Старушка, несмотря на полное отсутствие у меня каких бы то ни было вещей, охотно сдала мне комнату. По стенам ее бегали мохнатые сороконожки.

Вечером, когда опасность прошла, я решил спуститься в город, чтобы поужинать в духане. Там на липких от лилового вина дощатых полах бравурно отплясывал лезгинку тощий маленький старик в толстых очках и слишком длинной для него серой черкеске.

Его приятели, сидя за столиком, снисходительно хлопали в ладоши, а духанщик щелкал на счетах, не обращая никакого внимания на добросовестно веселящегося старика.

Старик, окончив танцевать, пригласил меня к своему столику. Он сразу узнал во мне приезжего. Вопреки моему предположению, старик был совершенно трезв и не имел никакого отношения к абхазцам или к каким-либо другим горским народам. Он оказался тифлисским евреем по фамилии Рывкин. Он служил в Сухуме в Союзе кооперативов Абхазии – Абсоюзе – и просто любил в свободное время потанцевать лезгинку.

Он тут же пригласил меня к себе в Абсоюз вести деловую переписку. Вообще в Сухуме мне чертовски повезло.

Но вернемся к топографии.

Посреди сада у Генриетты Францевны была устроена на уровне земли глубокая цементная цистерна для дождевой воды. Воды от весенних дождей Генриетте Францевне хватало почти до осени. Вокруг цистерны росли пальмы с мощными опахалами.

Рядом с усадьбой Генриетты была небольшая поляна, покрытая желтым и лиловым бессмертником. Изредка по поляне проползали змеи.

По другую сторону поляны стоял мингрельский дом на сваях с длинной дощатой террасой. Двери и окна в этом доме были крест-накрест заколочены тесом, а вокруг разрослись такие дебри лавровишен и терновника, что подойти к дому было почти невозможно.

Позади дома шли заросли азалии. Там весь день наигрывали на дудках, как оркестр зурначей, недовольные шмели.

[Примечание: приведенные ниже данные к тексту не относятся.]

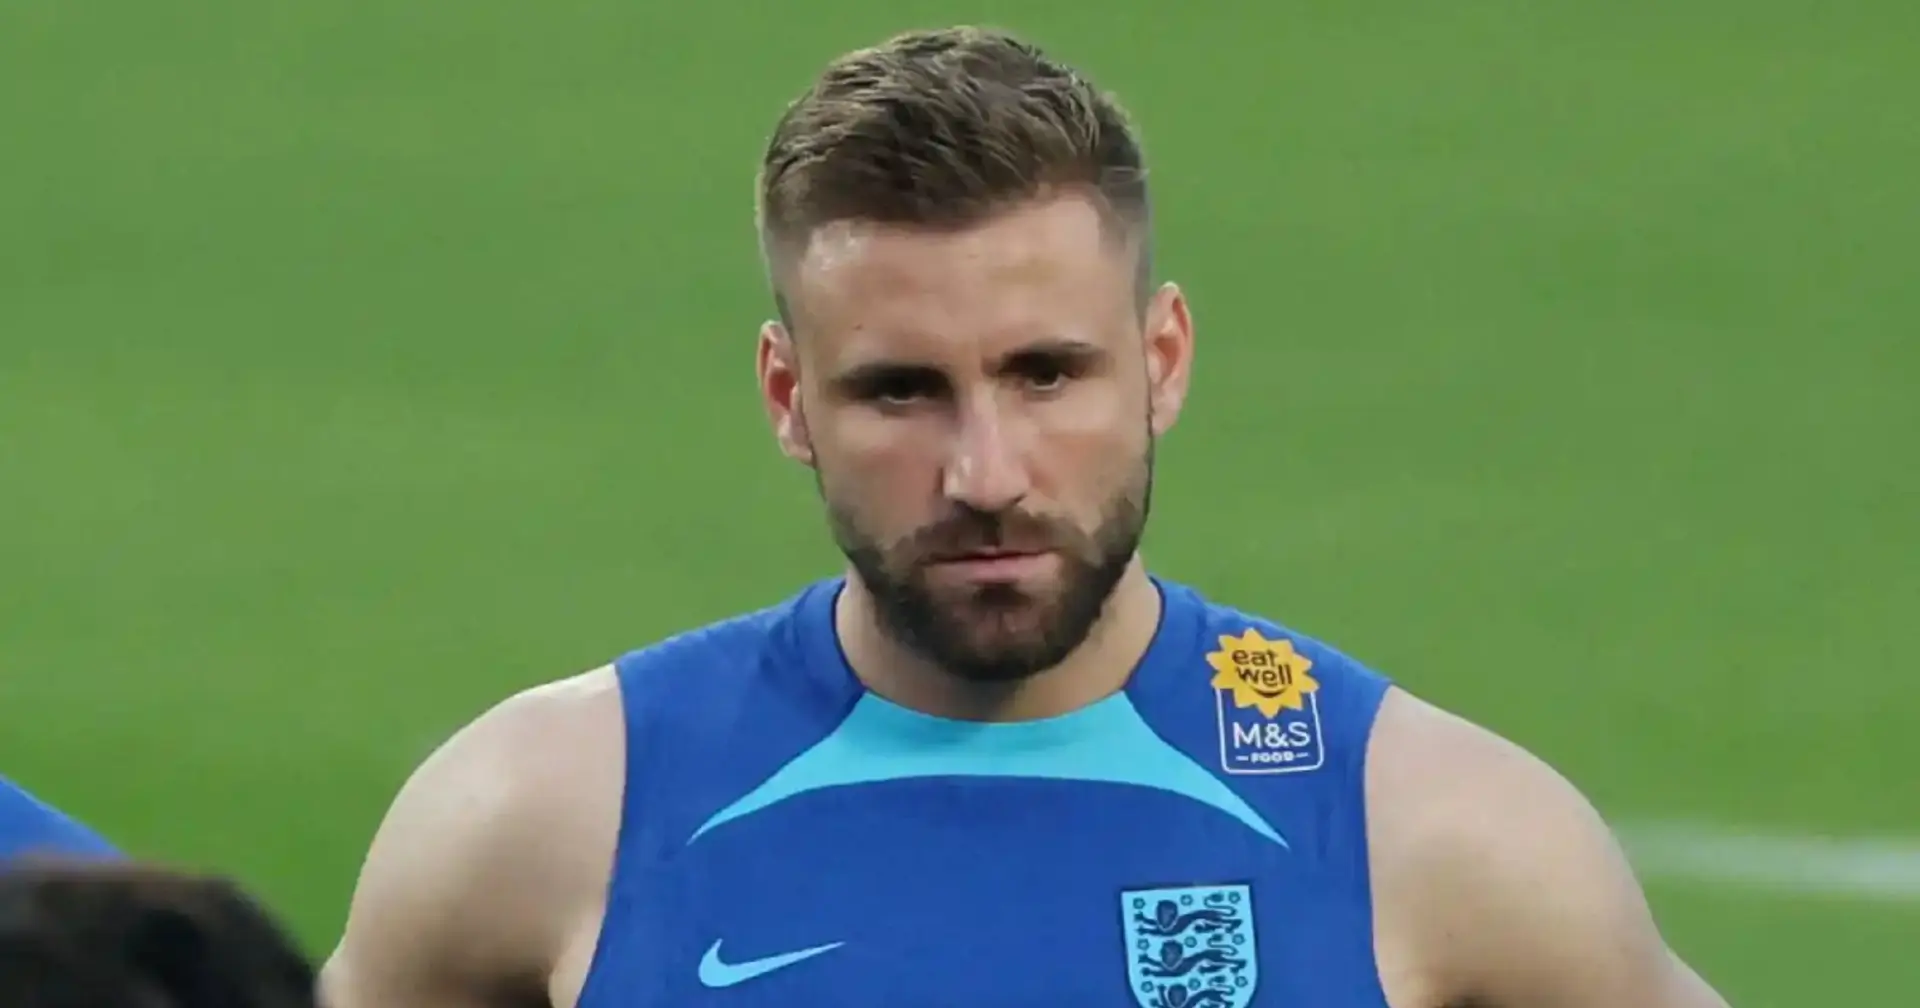 'It is part of my motivation': Luke Shaw reveals personal tragedy he suffered just before World Cup

За этими зарослями лежала в разноцветном дыму, в бросках солнечного света, мгновенно перелетавшего (вместе с тенью от туч) через горные вершины и бездонные пропасти, в изломанном блеске глетчеров, в трепещущей листве, в клубящихся взрывах белых облачных громад над вершинами Большого Кавказа та загадочная, зовущая и пугающая страна, где погиб Одоевский, где дрался под зеленым знаменем пророка Шамиль, где был убит Бестужев-Марлинский, где насмешливо тосковал Лермонтов.

Временами мне казалось, что я вижу все это. Вижу Кавказ времен его покорения – выгоревшие шинели и околыши, коричневые лица, прогорклые трубки, медь эфесов, завалы из колючих ветвей, быстрые струи порохового дыма, вижу весь этот взволнованный войной и "трехпогибельный Кавказ".

Вижу "серебряный венец" неприступных гор, "престолы природы, с которых, как дым, улетают багровые тучи". Все это было сказано Лермонтовым в полном соответствии с его томительной любовью и тоской. А через семьдесят лет другой поэт сказал о Лермонтове слова, похожие на рыдание:

В томленье твоем исступленном
Тоска небывалой весны
Горит мне лучом отдаленным
И тянется песней зурны…

Там, на горе Чернявского, я чувствовал себя по временам среди немирного лермонтовского Кавказа. Вернее, мне хотелось так себя чувствовать. И жизнь, по своей дурной привычке потворствовать мечтателям, щедро награждала меня чертами этого старинного Кавказа.

Невдалеке за домом Генриетты я наткнулся на обтесанный продолговатый камень. Он был так густо покрыт желтыми лишаями, что надпись, некогда выбитую на этом камне, нельзя было уже прочесть… Может быть, здесь похоронен Одоевский? Или это была могила безвестного стрелка? Кто мог это знать?

Во всяком случае, появился повод для того, чтобы приносить на эту могилу цветы (их расклевывали и уносили птицы), сидеть на земле, облокотившись на камень, и смотреть, как у тебя на ладони тревожно и быстро дышит только что пойманная крошечная ящерица.

Несколько раз с гор приходила гроза. С наглым треском она разрывала молниями черное небо и катила перед собой, как мутный вал, гряду желтых туч.

Смерчи гигантскими волчками завивались над морем, изгибались и, будто споткнувшись, внезапно падали всей тяжестью на поверхность воды. Тогда море кипело.

Ревя, мчались по лощинам водопады, ворочая глыбы камней. Чернела и свирепела морская даль. Косые струи ливня вытягивались по ветру, почти не касаясь земли. И вдруг неожиданно вспыхивал, как взрыв, мокрый и горячий солнечный свет. Тогда несколько радуг, упираясь в устои гор, плавно подымали к небу мириады мельчайших водяных искр. Гроза кончалась.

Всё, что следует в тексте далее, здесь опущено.